Question

A piece of rubber tubing maintains a cylindrical shape as it is stretched. At the instant that the inner radius of the tube is 2 millimeters and the height is 20 millimeters, the inne radius is decreasing at the rate of 0.1 millimeter per second and the height is increasing at the rate of 3 millimeters per second. Which of the following statements about the volume of the tube is true at this instant? (The volume V of a cylinder with radius s and height h is V = Πr²h.) A. The volume is increasing by 41 cubic millimeters per second. B. The volume is decreasing by 47 cubic millimeters per second. C. The volume is increasing by 205 cubic millimeters per second. D. The volume is decreasing by 205 cubic millimeters per second.

Answer 1

The volume of the tube is increasing at a rate of approximately 12.57 cubic millimeters per second. All given options are incorrect; the correct rate of change does not match any of the provided answers.

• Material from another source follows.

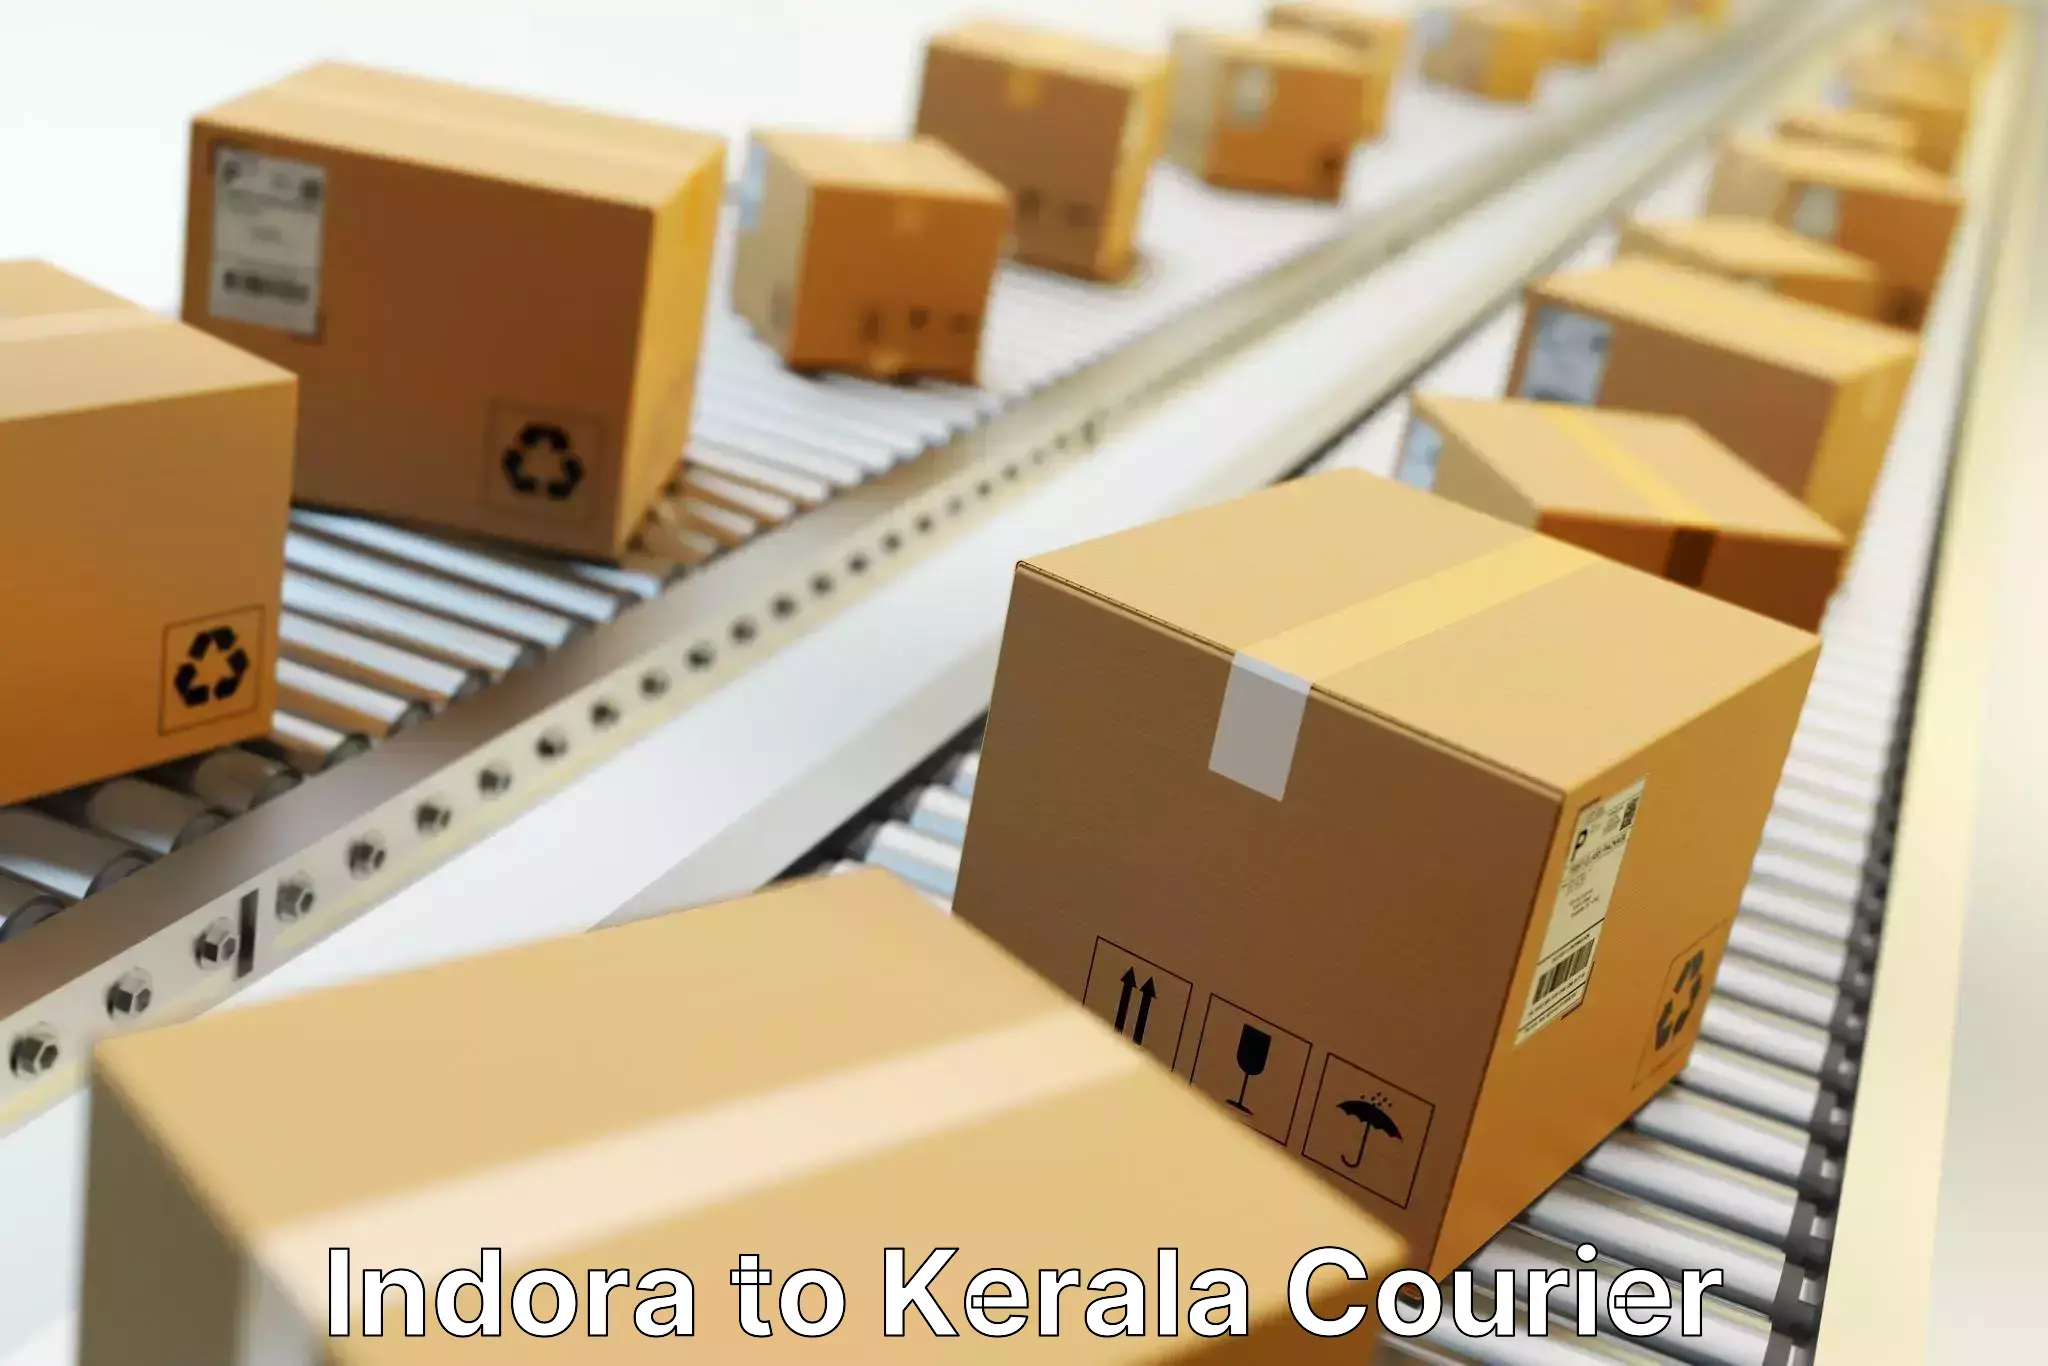 State-of-the-art courier technology Indora to Cochin University of Science and Technology

To determine the rate at which the volume of the rubber tubing is changing, we need to differentiate the formula for volume with respect to time and plug in the given rates of change for the inner radius and height.

The volume of a cylinder is given by the formula
`V = \pi r^2h`.

The rate of change of volume with respect to time is given by the derivative
`(dV)/(dt) = \pi * (2rh * (dr)/(dt) + r^2 * (dh)/(dt).`

At the instant of interest, we have r = 2 mm, h = 20 mm, dr/dt = -0.1 mm/s (since the radius is decreasing), and dh/dt = 3 mm/s.

Substituting these values into the derivative formula gives us:

`(dV)/(dt) = \pi * (2 * 2mm * 20mm * (-0.1mm/s) + (2mm)^2 * 3mm/s).`

Calculate the value:

`(dV)/(dt) = \pi * (-8mm^3/s + 12mm^3/s) = \pi * 4mm^3/s.`

Convert cubic millimeters to cubic millimeters per second:

`4mm^3/s * \pi \approx 12.57mm^3/s.`

Since the result is positive, the volume of the tube is increasing at the rate of approximately 12.57 cubic millimeters per second, which means all given options A, B, C, and D are incorrect.